なにが必要で、その材料や道具をどうやって使い、どのような工程で作っていけば、完成するのか。
いつもスキル『創作』の能力が発動する瞬間は、気分が高揚します。
面白そう! 作ってみたい!!
私の能力の厄介な制約の一つに、自分が本当に興味を持って、面白そうと思わなければ発動しないというものがあります。
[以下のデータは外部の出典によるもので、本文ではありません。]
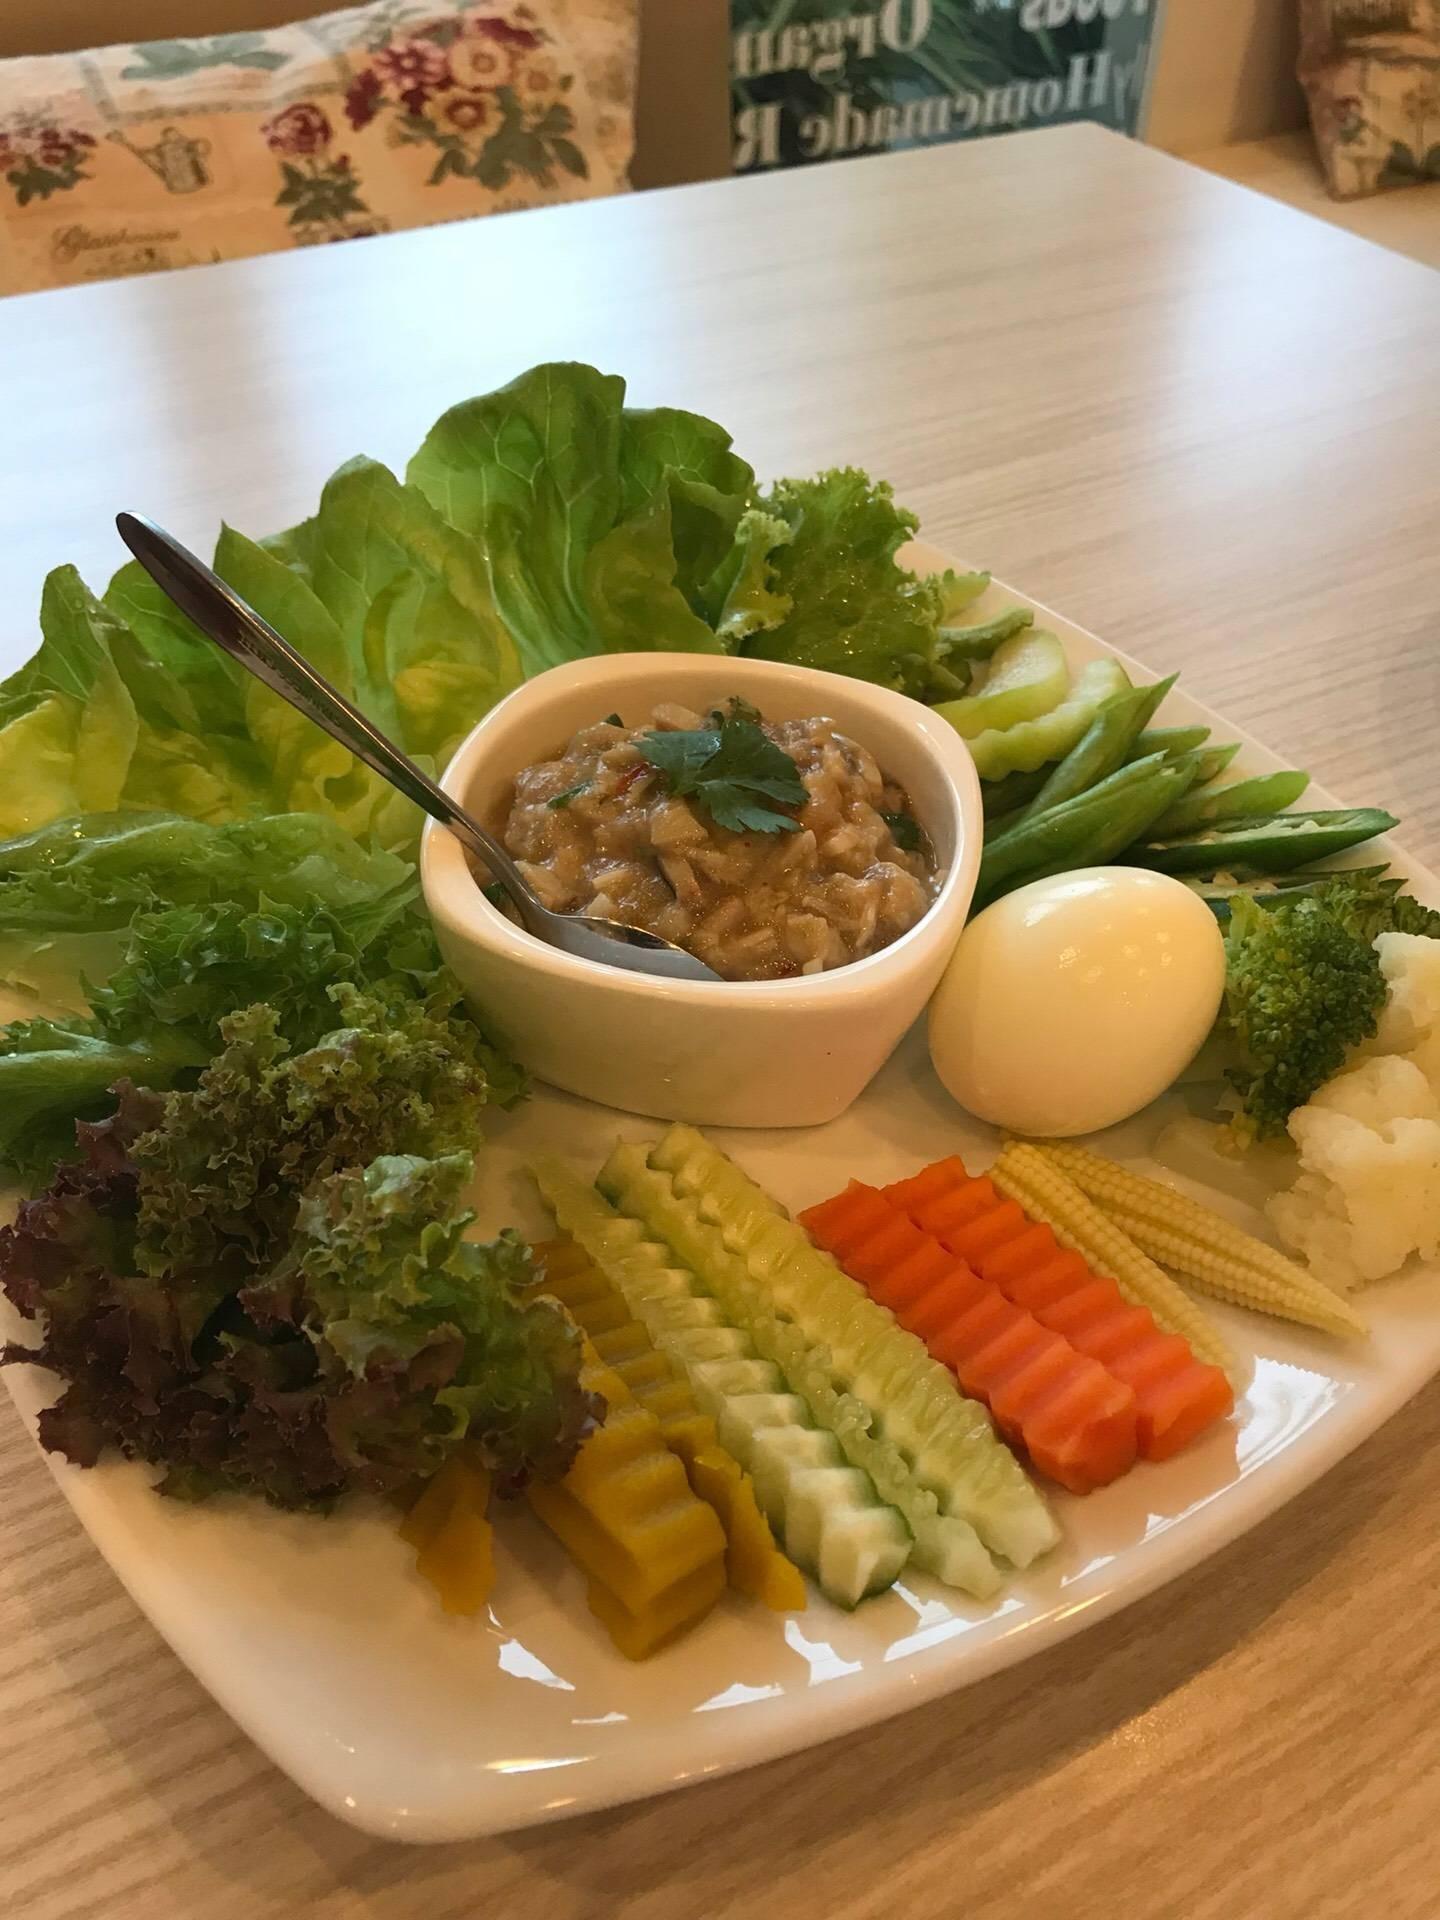 Salada Organic Kitchen (ซาลาด้า ออร์แกนิค คิทเช่น) บองมาเช่

でも、いつもキュッテの提案するものは、どれもなんだかワクワクドキドキして……。
「わっ♪ レミオロッコ! もうイメージ降りてきたのね!! 凄いじゃない!!」
だから、これからも私は、キュッテと一緒に色々なモノを作り続けるでしょう。
「ふ、ふ、ふ♪ これでまたこの世界のカワイイ普及計画が一歩前進するわよ!!」
う、うん。その「カワイイ普及計画」って言うのは、よくわからないけど……。